_DATASET CONTENT:_
※ ※ ※
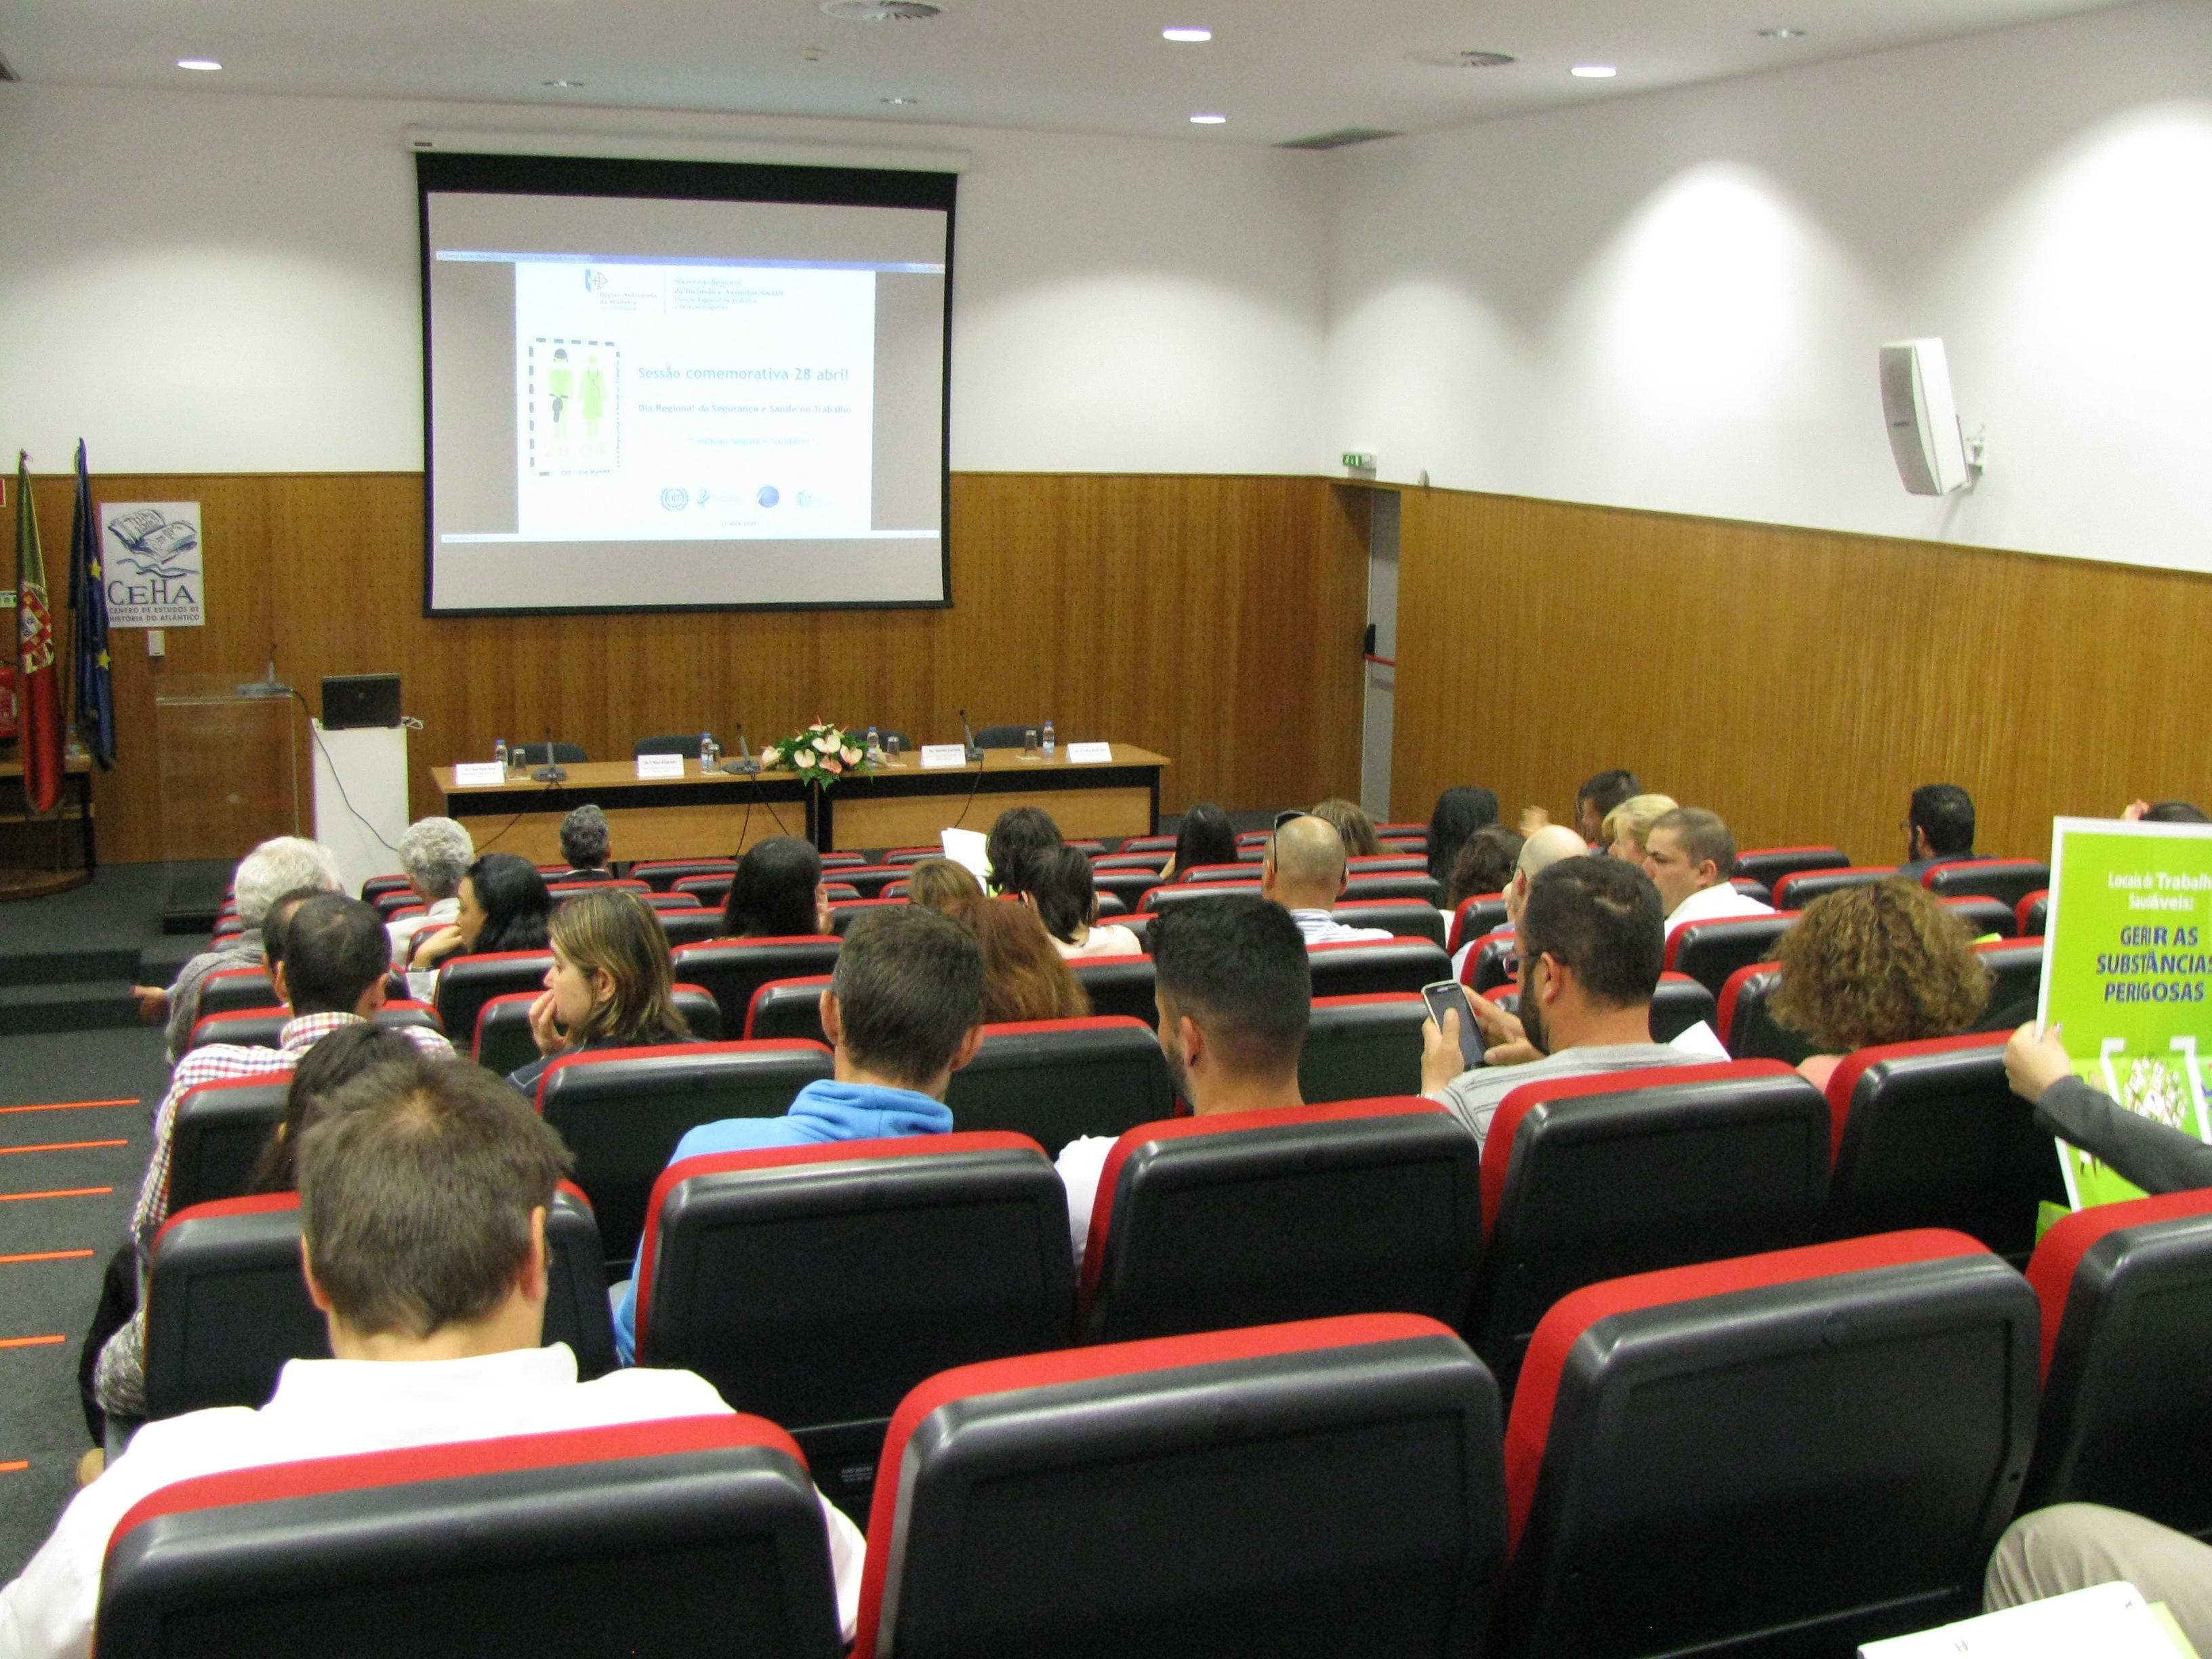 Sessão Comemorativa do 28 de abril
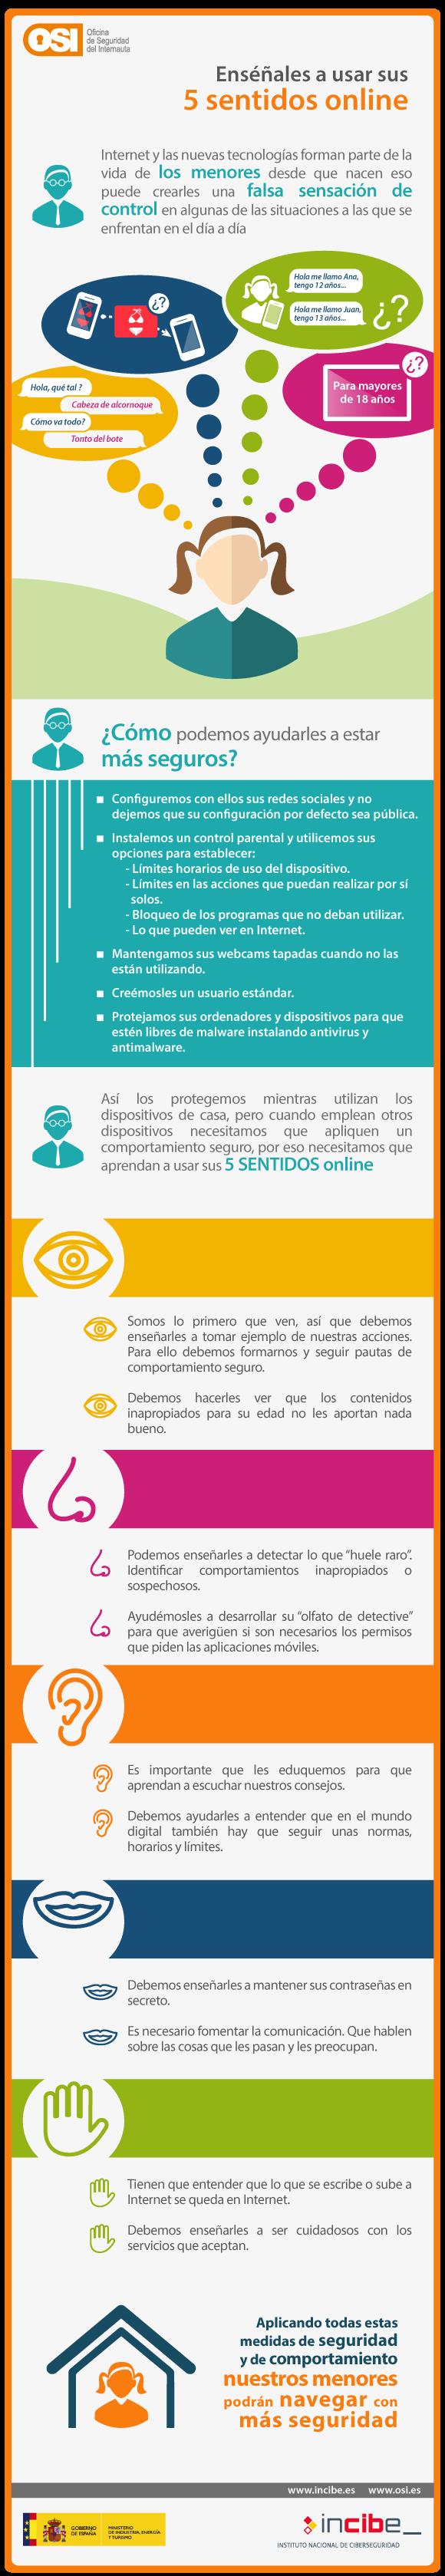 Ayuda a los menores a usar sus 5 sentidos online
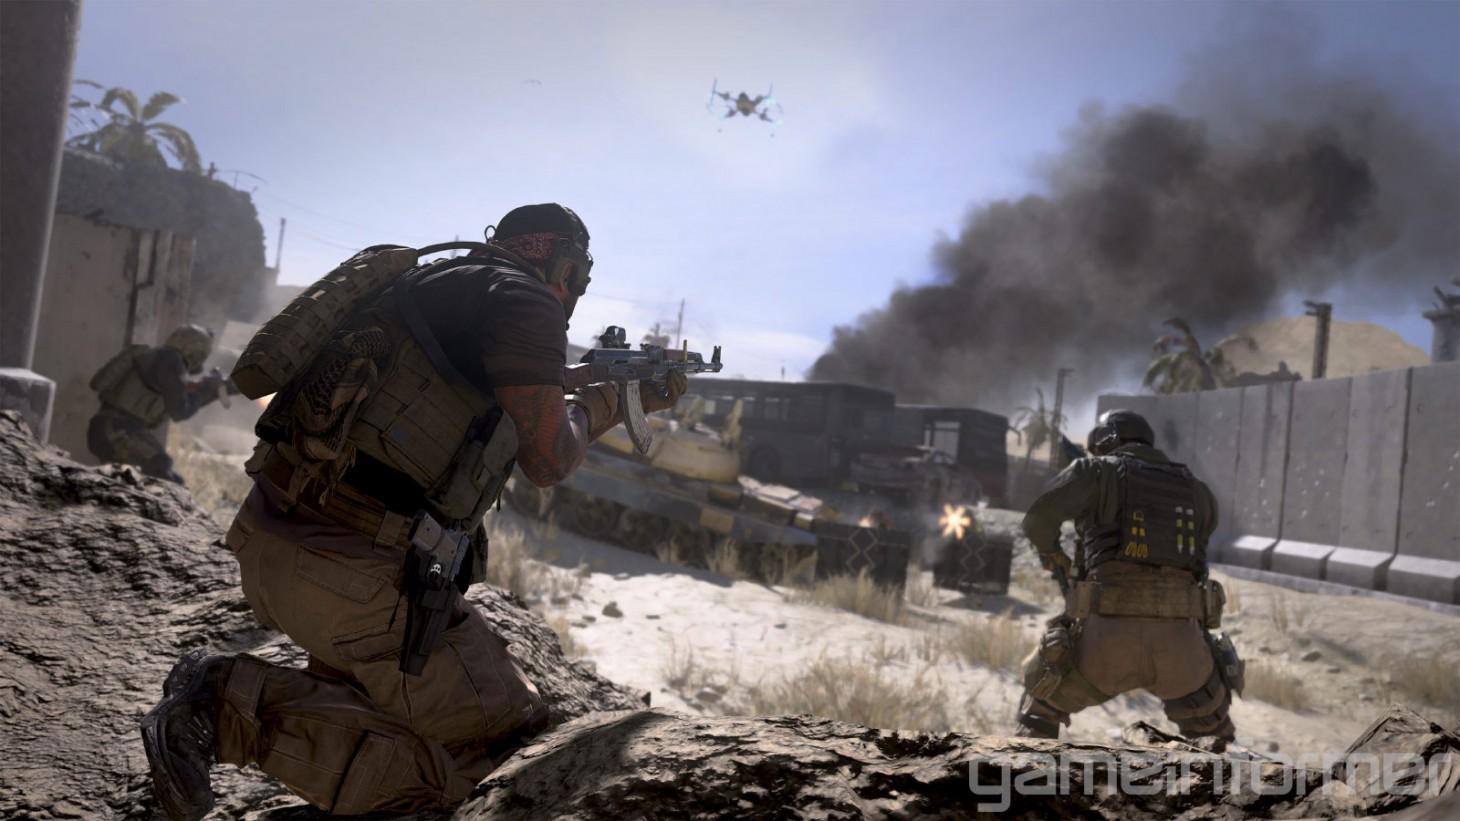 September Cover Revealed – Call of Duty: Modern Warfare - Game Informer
※ ※ ※
_WHAT YOU HAVE TO DO:_ Each line from the one with "Ayuda a los" to the final line of the data above is to be printed exactly; no picture should appear in the copy.

_WRITTEN RESPONSE:_
 Ayuda a los menores a usar sus 5 sentidos online
 September Cover Revealed – Call of Duty: Modern Warfare - Game Informer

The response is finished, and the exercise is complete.